_WHAT IS EXPECTED_
Print the lines in the listing below starting at the line with "Armband mit farbigen" and ending at the line with "Dieses einzigartige Armband", both included. Reproduce them exactly and omit every picture.

_AVAILABLE RECORDS_
────

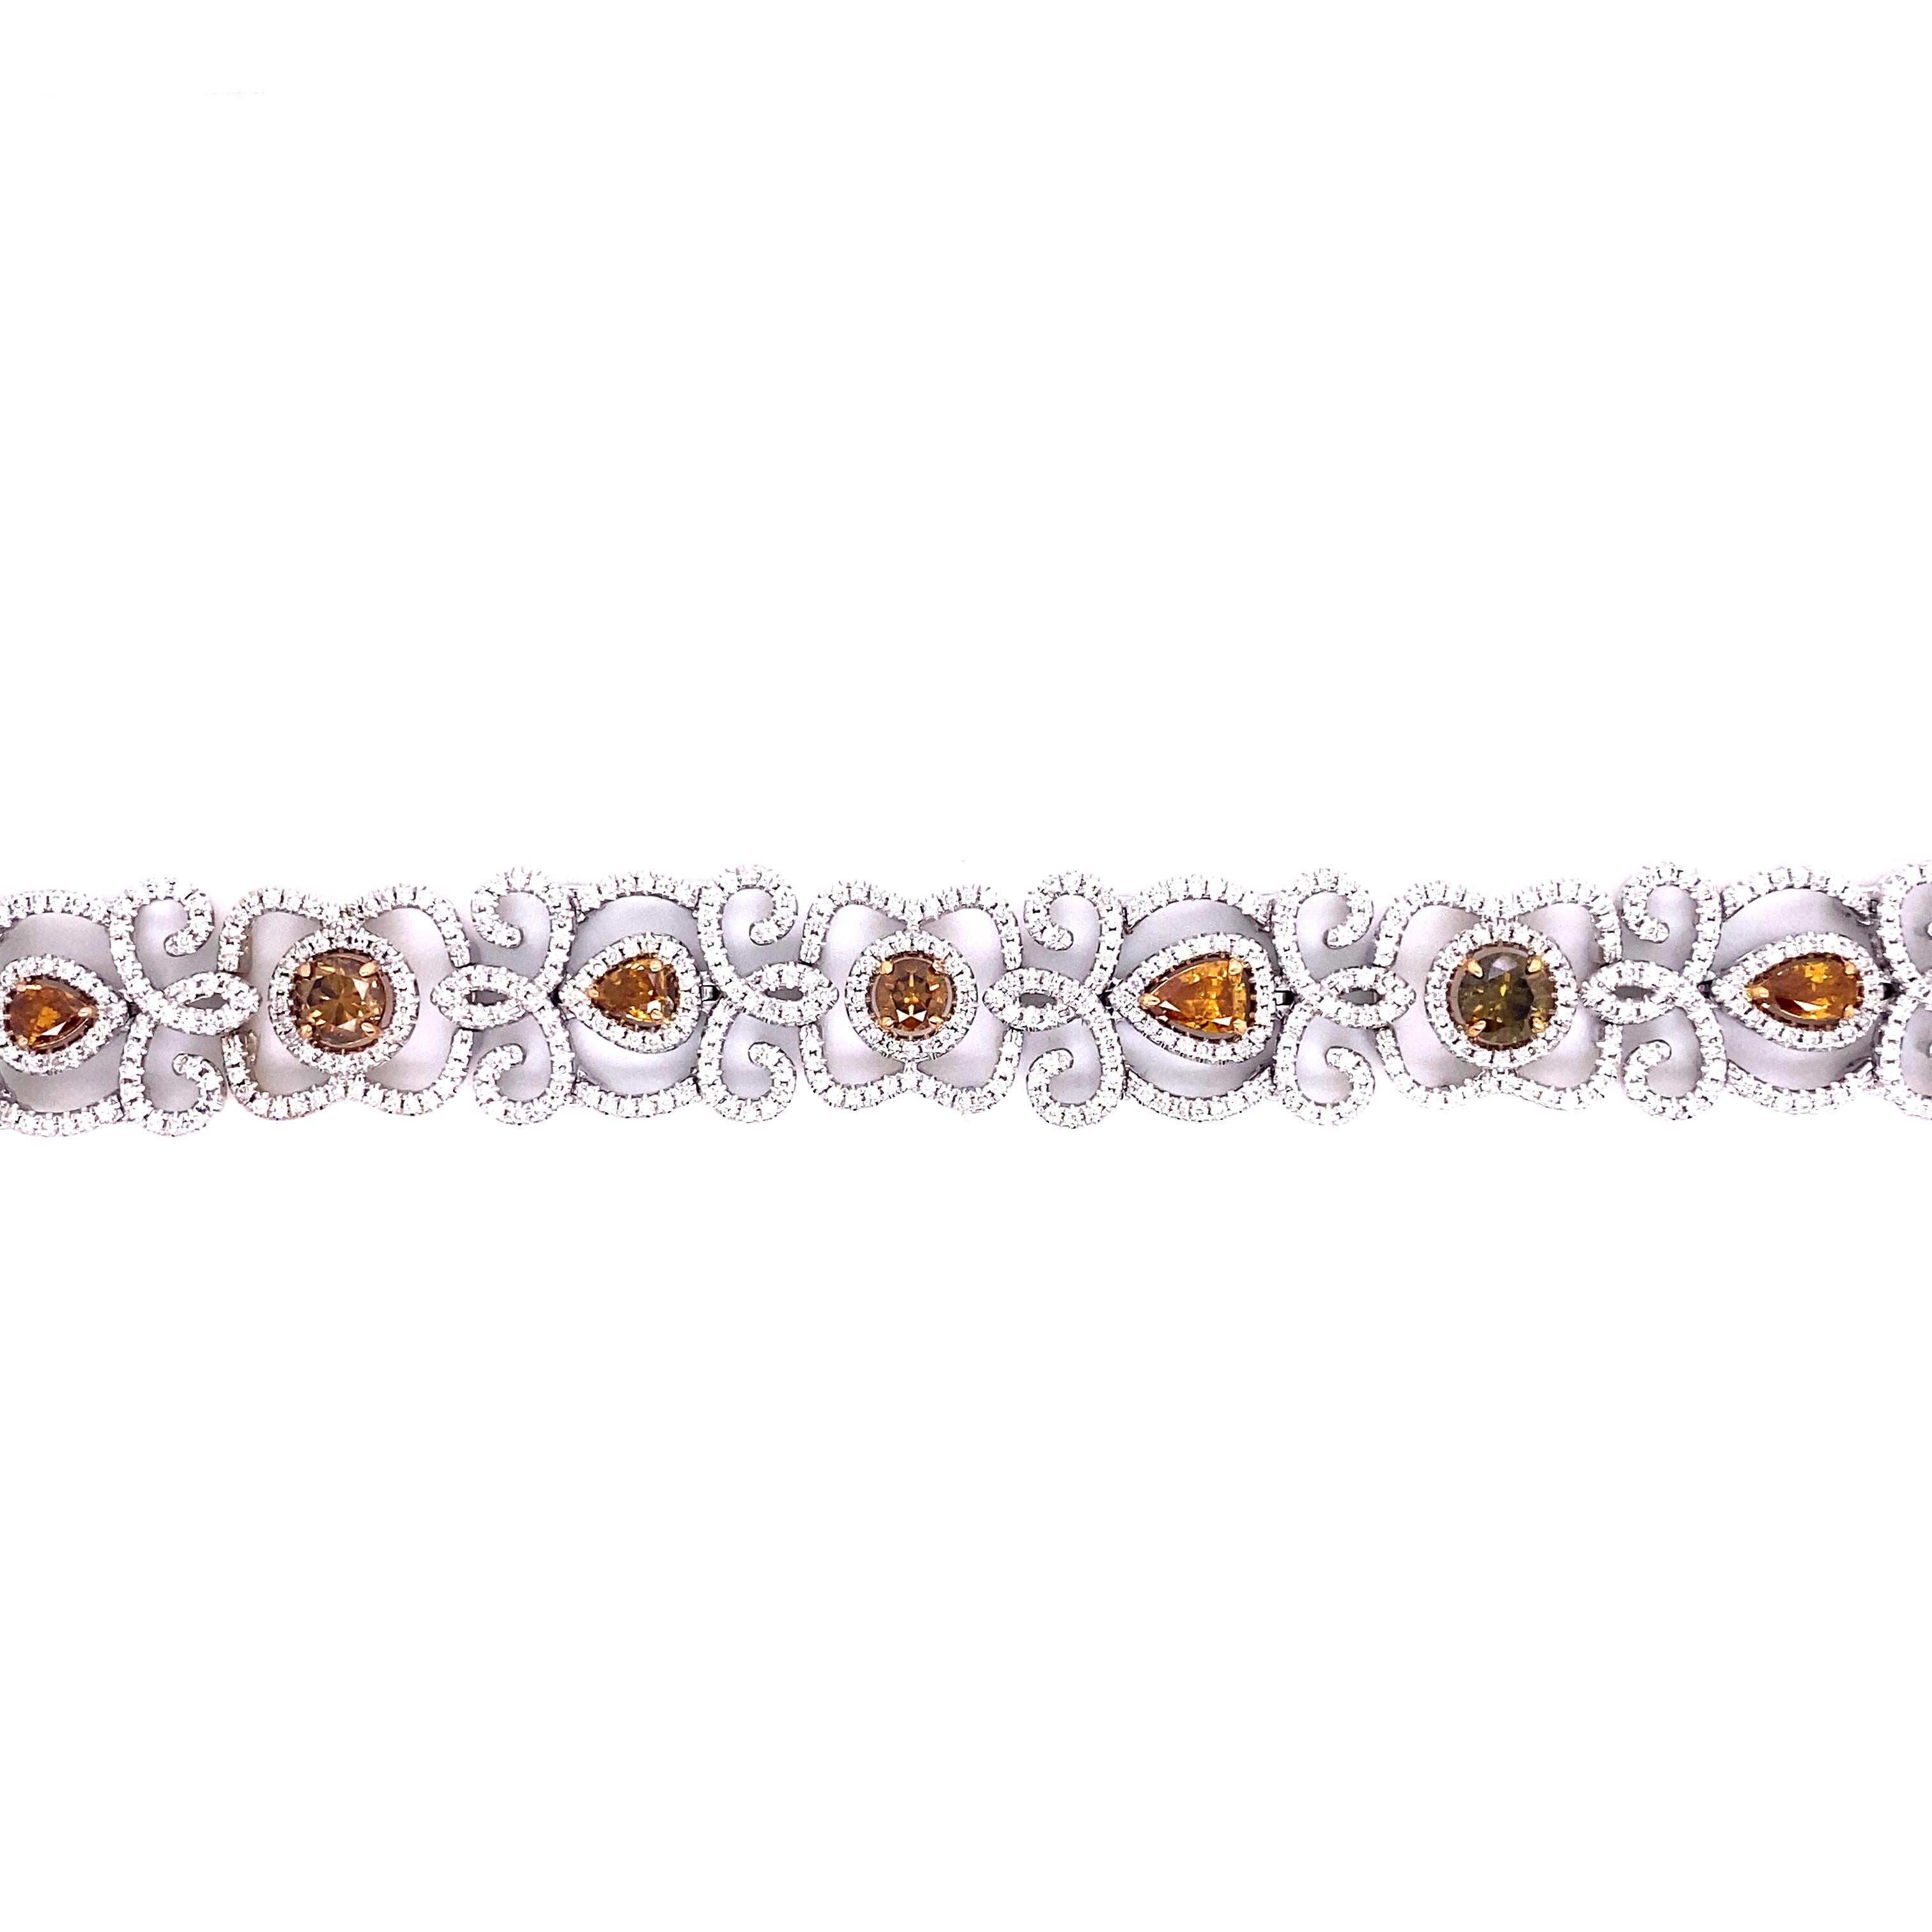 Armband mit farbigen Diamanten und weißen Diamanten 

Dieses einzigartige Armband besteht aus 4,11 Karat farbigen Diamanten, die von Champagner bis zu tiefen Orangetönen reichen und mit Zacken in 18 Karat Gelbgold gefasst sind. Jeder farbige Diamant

────

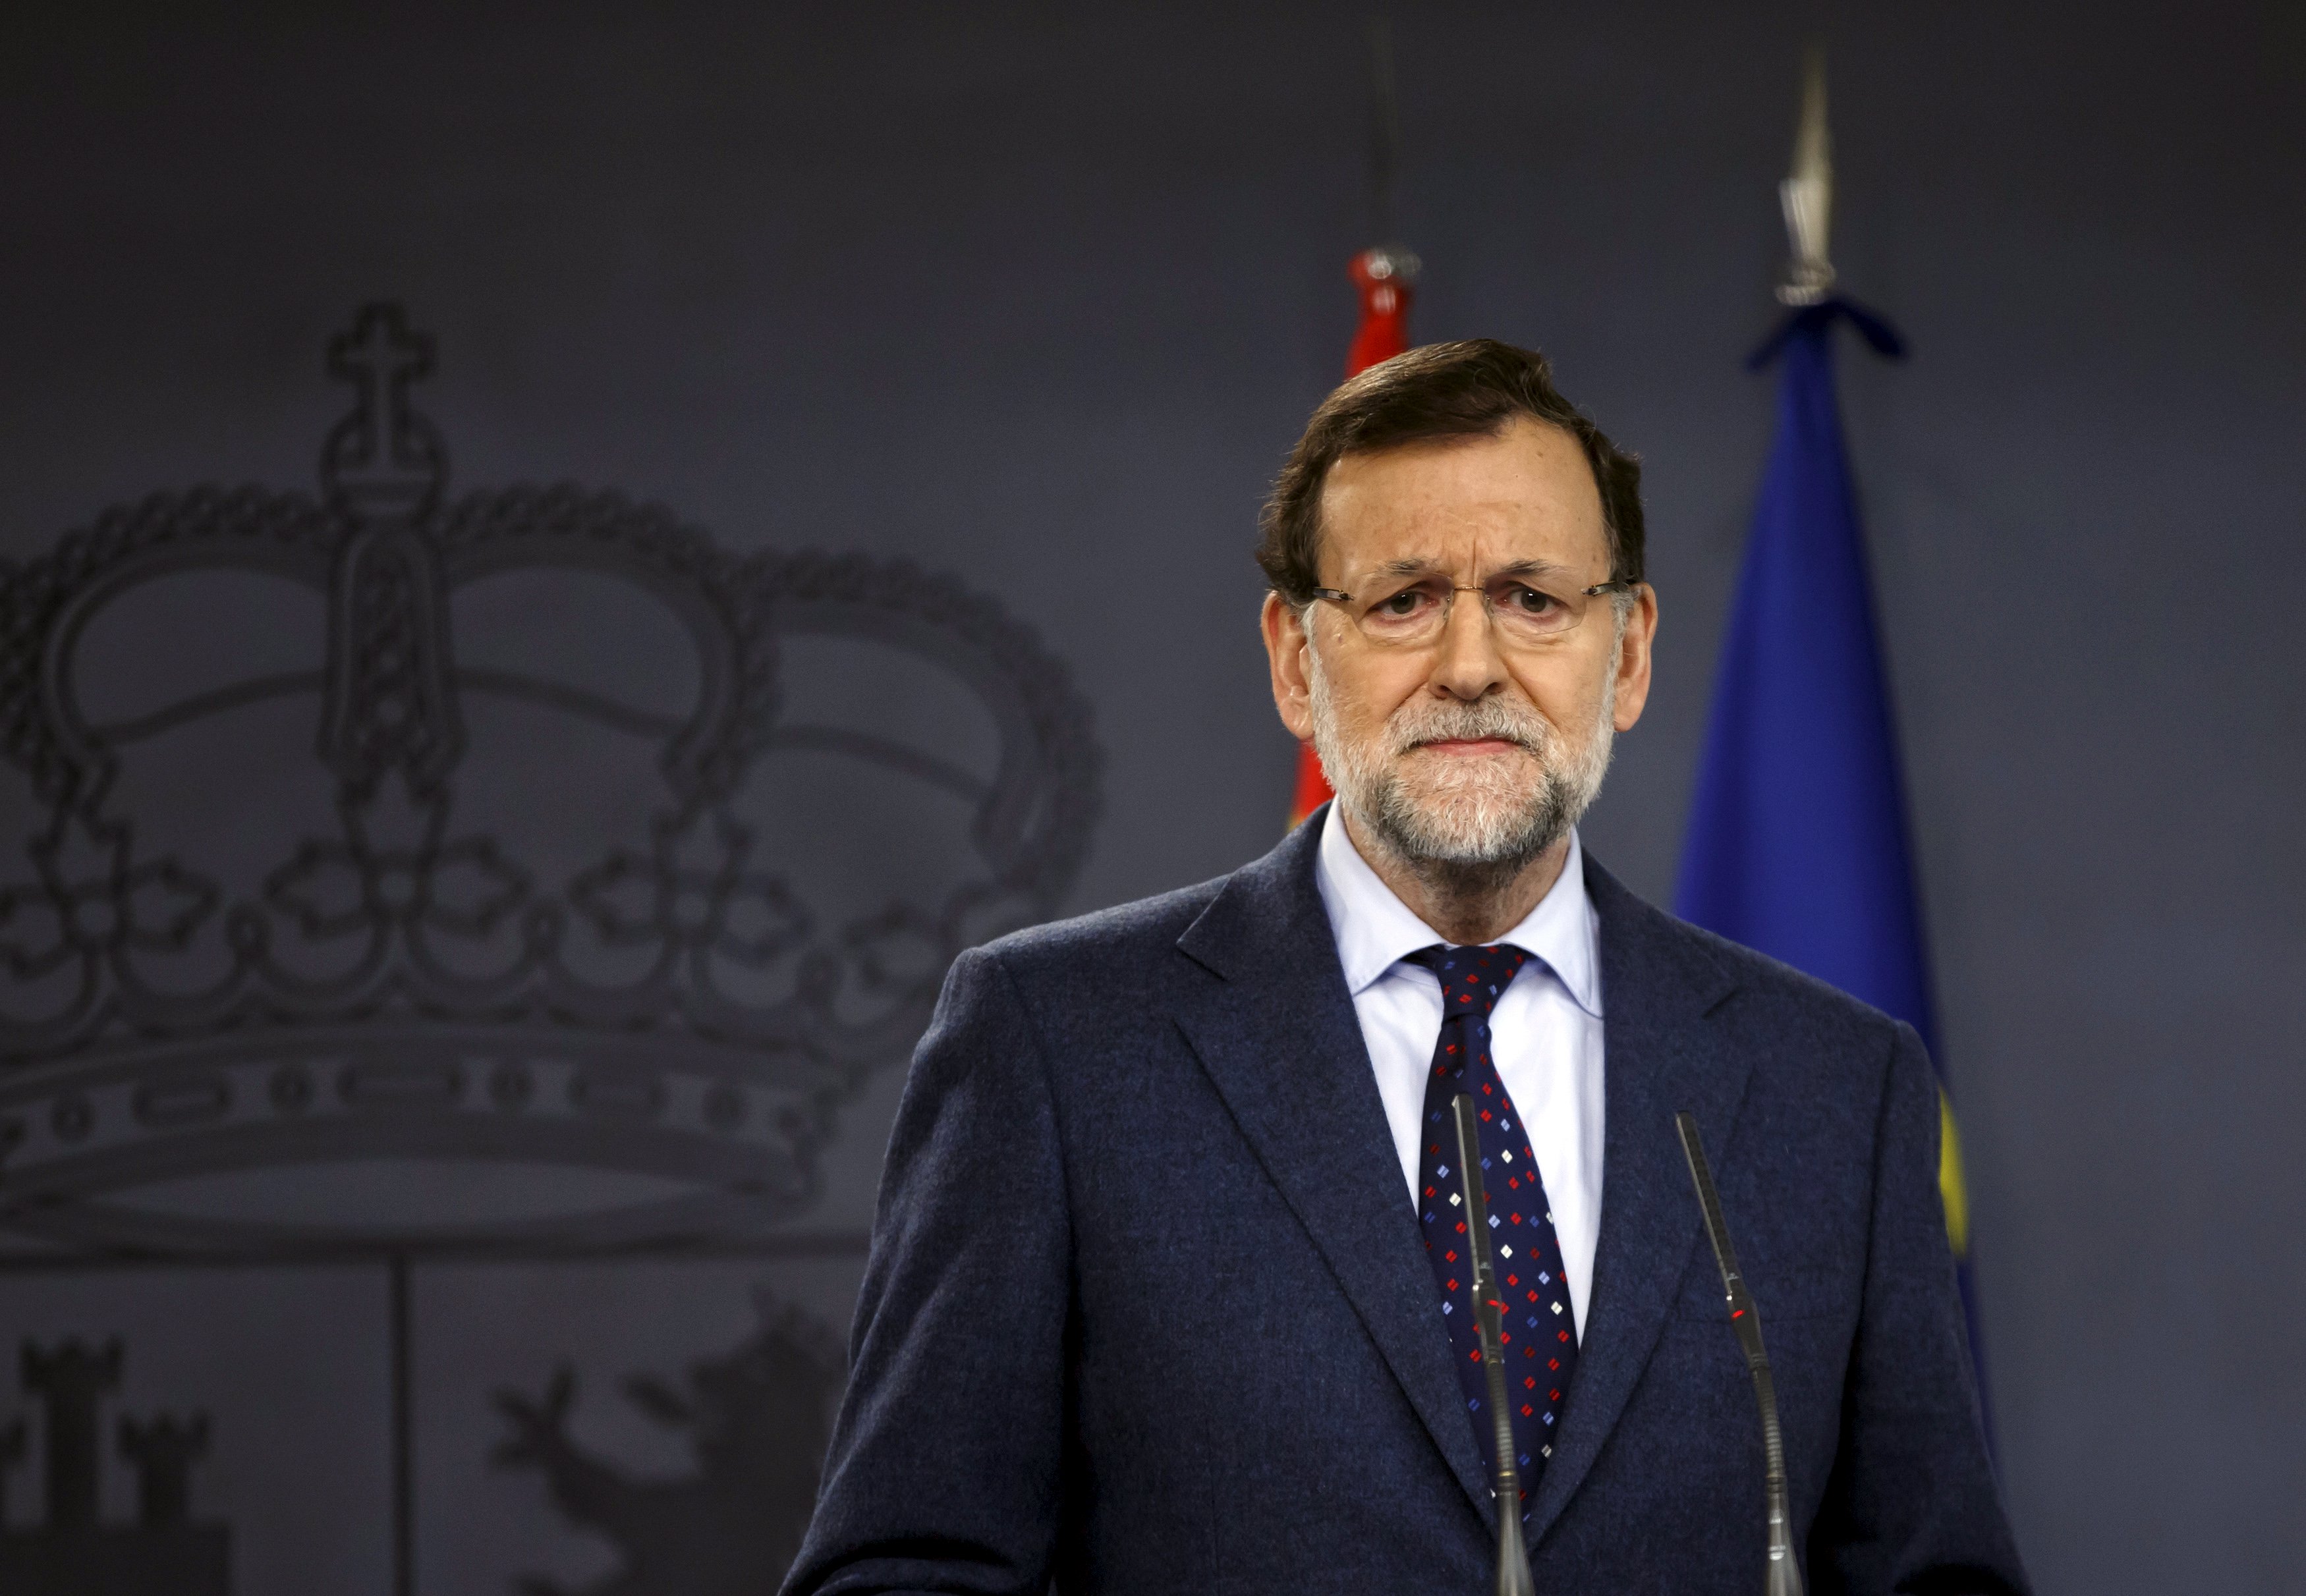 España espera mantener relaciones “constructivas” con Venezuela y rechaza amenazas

────

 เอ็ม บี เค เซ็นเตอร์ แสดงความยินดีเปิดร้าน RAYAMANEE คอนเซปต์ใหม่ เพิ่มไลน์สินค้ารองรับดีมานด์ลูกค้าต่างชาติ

────

_EXERCISE RESULT_
 Armband mit farbigen Diamanten und weißen Diamanten 

Dieses einzigartige Armband besteht aus 4,11 Karat farbigen Diamanten, die von Champagner bis zu tiefen Orangetönen reichen und mit Zacken in 18 Karat Gelbgold gefasst sind. Jeder farbige Diamant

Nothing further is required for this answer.